Могучий порыв оставил меня так же неожиданно, как и захватил.
Я вернулся к действительности.
И очень кстати.
Студент и военный товарищ перемыли, или, вернее, переломали, косточки моему рассказу и переходили уже к обобщениям.
— Чтобы что-то сказать, даже о самом себе, — назидательно проговорил студент, — надо иметь что сказать…
«Козьмапрутковская мудрость», — усмехнулся я про себя.
Мою усмешку перехватил военный.
Он тоже усмехнулся, но поддержал не меня, а студента.
— Любое слово, даже «оглобля», — проговорил он, — может быть названо поэтическим словом, но оно, это слово, вместе с другими должно рисовать какой-то яркий художественный образ. Должно чем-то взволновать читателя…
— Вот именно — взволновать! — подхватил студент и, бегло взглянув на меня, вдруг с новым жаром ополчился на бездарностей, которые ничего не имеют за душой, кроме, видите ли, хорошего почерка, а тоже лезут в литературу. — Да мало того лезут, поучают! Да мало того поучают — вождей из себя корчат от литературы!..
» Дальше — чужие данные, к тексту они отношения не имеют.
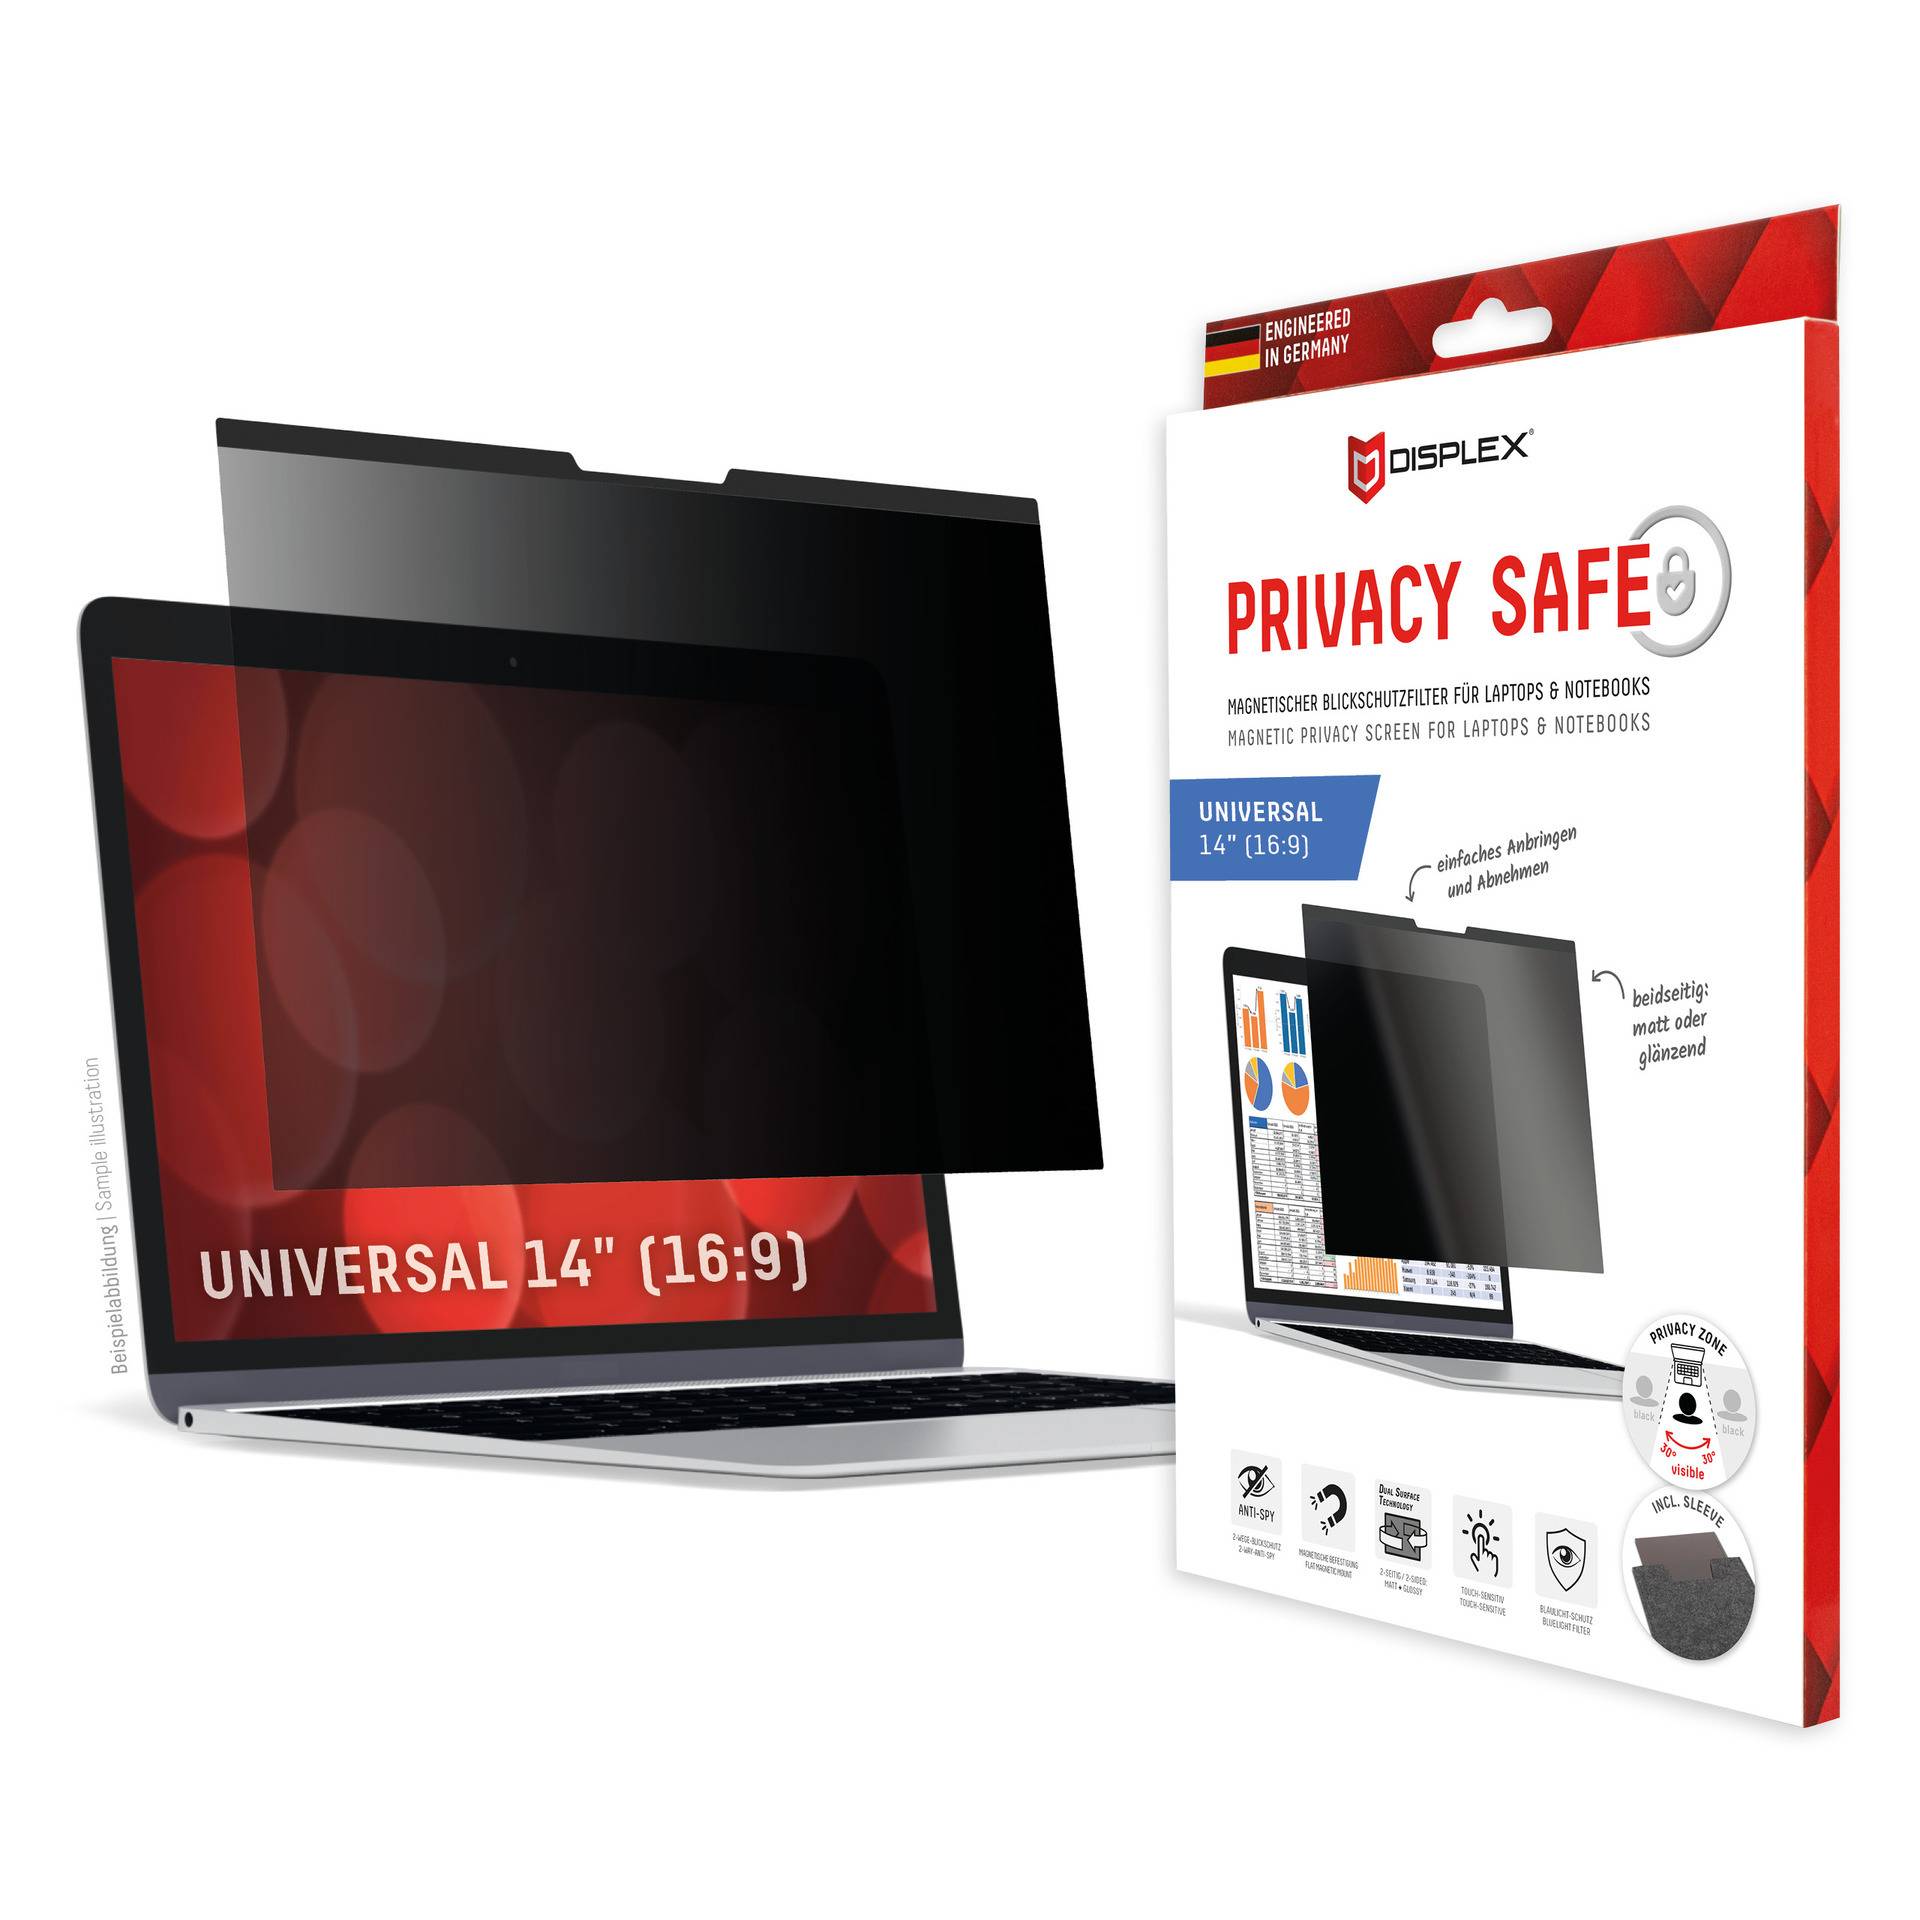 DISPLEX Privacy Safe Blickschutzfilter Universal 14", 16:9, Anti-Reflex, Bluelight-Filter, Magnetische Befestigung von Displex

Последние слова меня прямо-таки возмутили. В конце концов говори что угодно — я тебе не редактор, речь твою не собираюсь передавать по радио, но знай же меру, товарищ студент: пусть я бездарность, пусть я, здоровенный парень, нахально лезу в литературу вместо того, чтобы умножать материальные ценности, пусть! Но откуда ты взял, что я поучаю, что я уже вождя корчу от литературы? Я раскрыл было рот, чтобы дать достойную отповедь зарвавшемуся фальсификатору, но… «Зачем?» — решил я про себя.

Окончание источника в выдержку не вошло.